If you saw the signature blue and yellow of the IKEA brand, without seeing the logo, do you think you would recognize it? What about the red, orange and yellow of Mastercard? These iconic color combinations are powerful elements that have established these brands among some of the most recognizable in the world.
Do you think you could tell the difference between Facebook blue, Twitter blue, and LinkedIn blue? You may surprise yourself! Without even being conscious of it, we learn these brand and color associations simply by being exposed to them so frequently.
When choosing brand colors for your brand, make sure to do plenty of research into the psychology and perception behind colors and what we tend to associate with different hues, and try to choose something that hasn’t already been used in your industry or sector, particularly by one of your competitors.
Taglines and Slogans
Another important visual and auditory brand element that helps establish brand recognition is the tagline. What do you think of when you read “Because you're worth it”? What about “Finger lickin’ good”? The taglines are world famous, and instantly recognizable as belonging to L’Oreal and KFC.

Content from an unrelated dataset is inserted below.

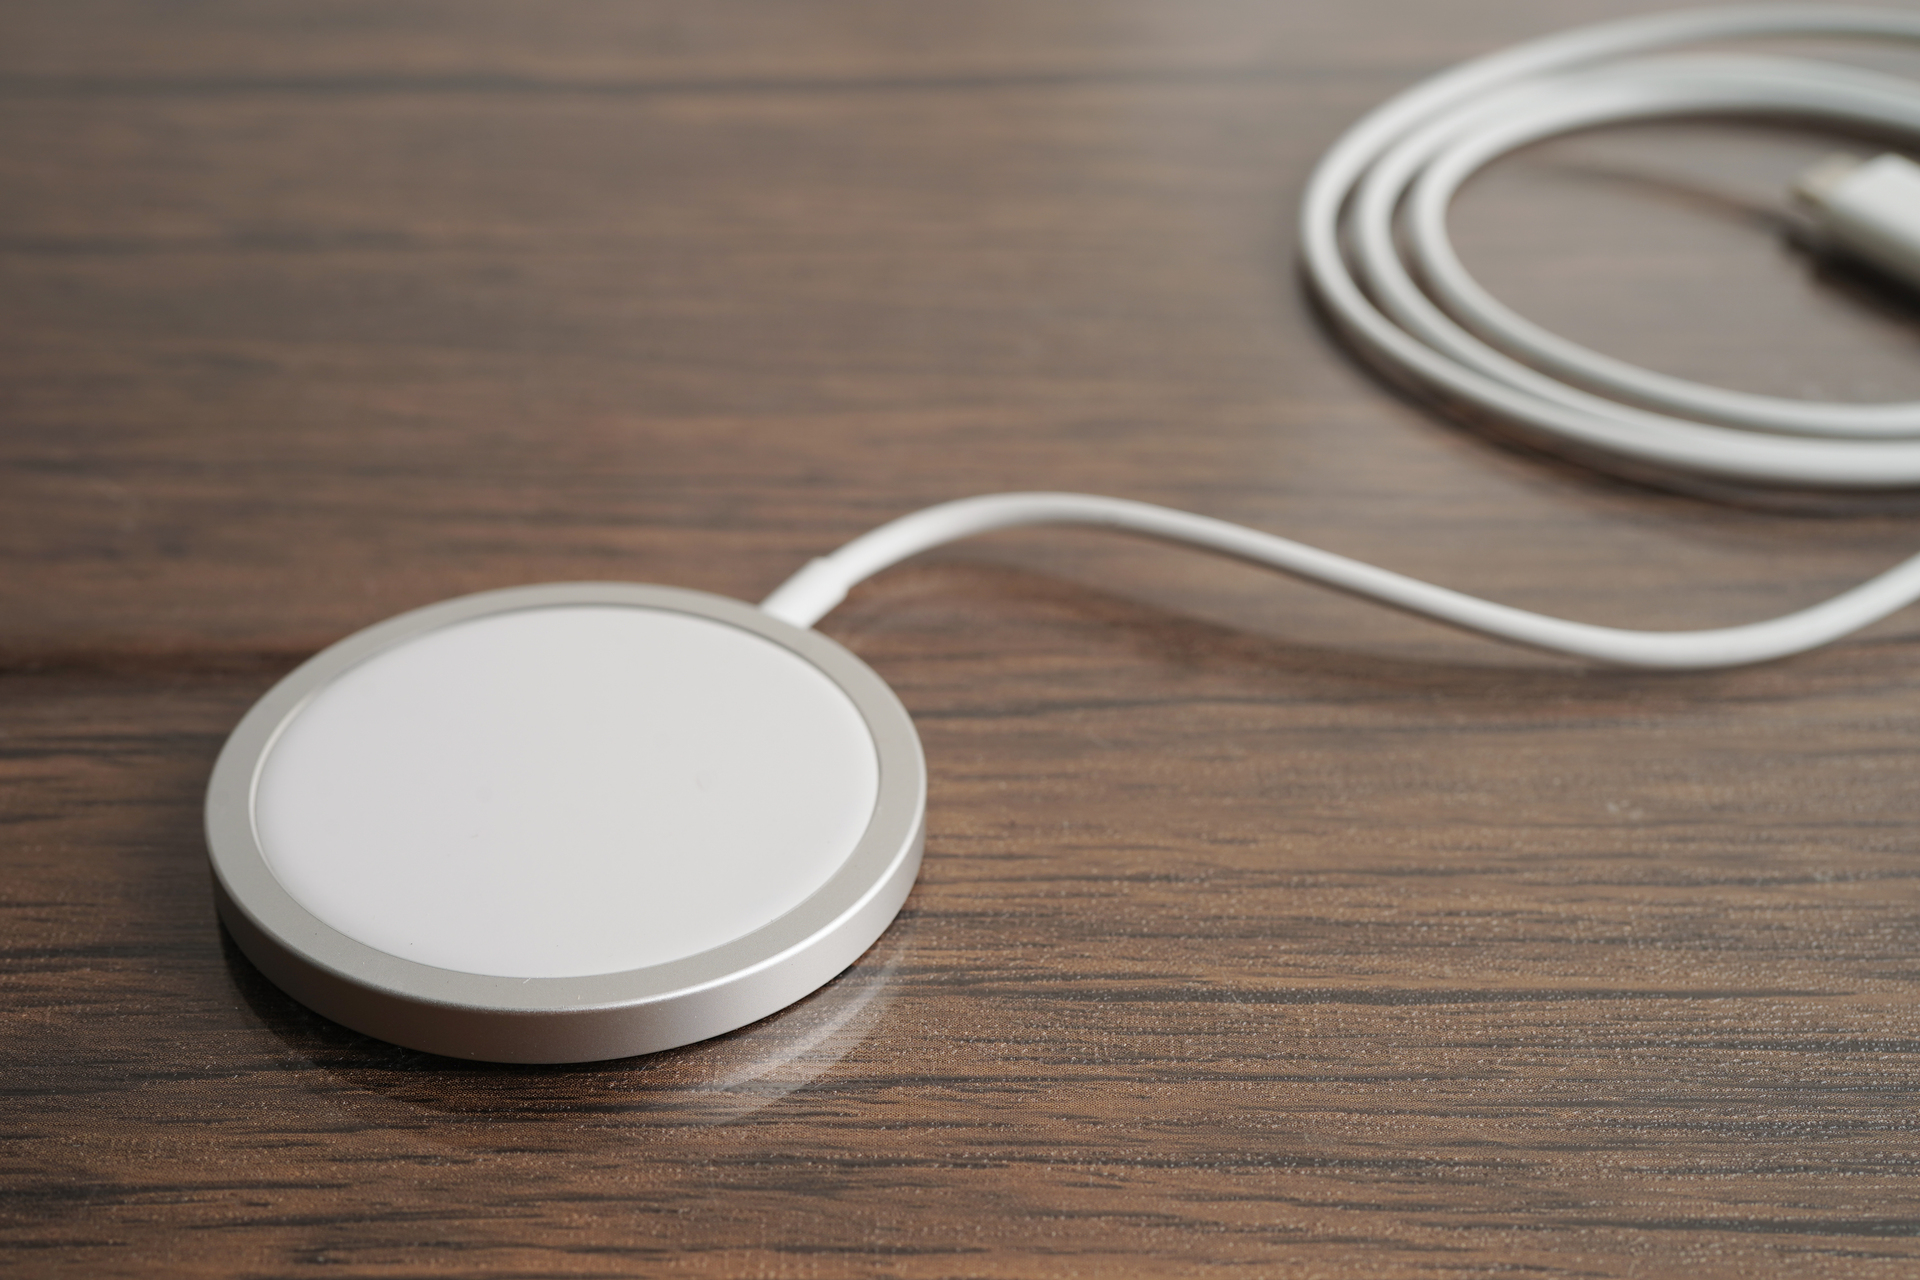 A sleek silver MagSafe charger is captured against a minimalist white background. The charger's circular design features a magnetic attachment point in the center, intended for effortless and secure charging of compatible Apple devices. The charger is connected to a white USB-C cable that trails off the frame, symbolizing its connection to a power source

A slogan is similar to a tagline, although typically more associated with advertising or product campaigns rather than company branding. Play around with some possible taglines and see what sticks. Even small businesses often have highly effective taglines that are recognizable within their industry or niche.
Auditory cues
Jingles
When you hear “Ba Da Ba Ba Bah”, you already know what’s coming. Not only do you know it’s McDonald’s, you may already be thinking about french fries. The “I’m lovin’ it” jingle has been incredibly successful in establishing auditory brand recognition for the global fast food giant. Jingles are powerful auditory cues when it comes to establishing and building brand recognition.
Embedded content: https://www.youtube.com/watch?v=dHOpsI2brHE
A well written, catchy jingle has the potential to stick with people, and even become associated with fond childhood memories that last a lifetime. While TV advertisements are less popular for smaller brands, jingles can still be used in audio advertising and social media, so it’s definitely worth considering.
Music
Similar to jingles, but not quite the same, associating your brand with original brand music or existing songs by famous artists is another way to create auditory cues that can contribute to brand recognition. When a brand incorporates one song across a range of branding campaign materials, the song often becomes synonymous with the brand in peoples' minds, so that when we hear that song on the radio or in other contexts, we can’t help but think of the brand.
Levis is a brand that frequently licences music to accompany ad campaigns. Brands should be cautious about which songs they choose to work with and focus not just on impact but on uniqueness. Along with multiple TV shows, both Kia and Calvin Klein used Billie Eilish’s popular track “Bad Guy” in international branding campaigns, not to mention the number of brands who have licensed the track for domestic campaigns in various countries around the world.
Secondary Senses
In addition to visual and auditory cues, the world’s most recognized brands often combine other elements to appeal to and create associations and familiarity through multiple different senses, striving to establish an emotional connection.
Scent
You know the smell that fills your nose as you walk past a Subway restaurant. While Subway denies intentionally pumping the smell outside, it’s an extremely valuable and distinctive element of their overall brand, and many people can instantly recognize it as the smell of Subway.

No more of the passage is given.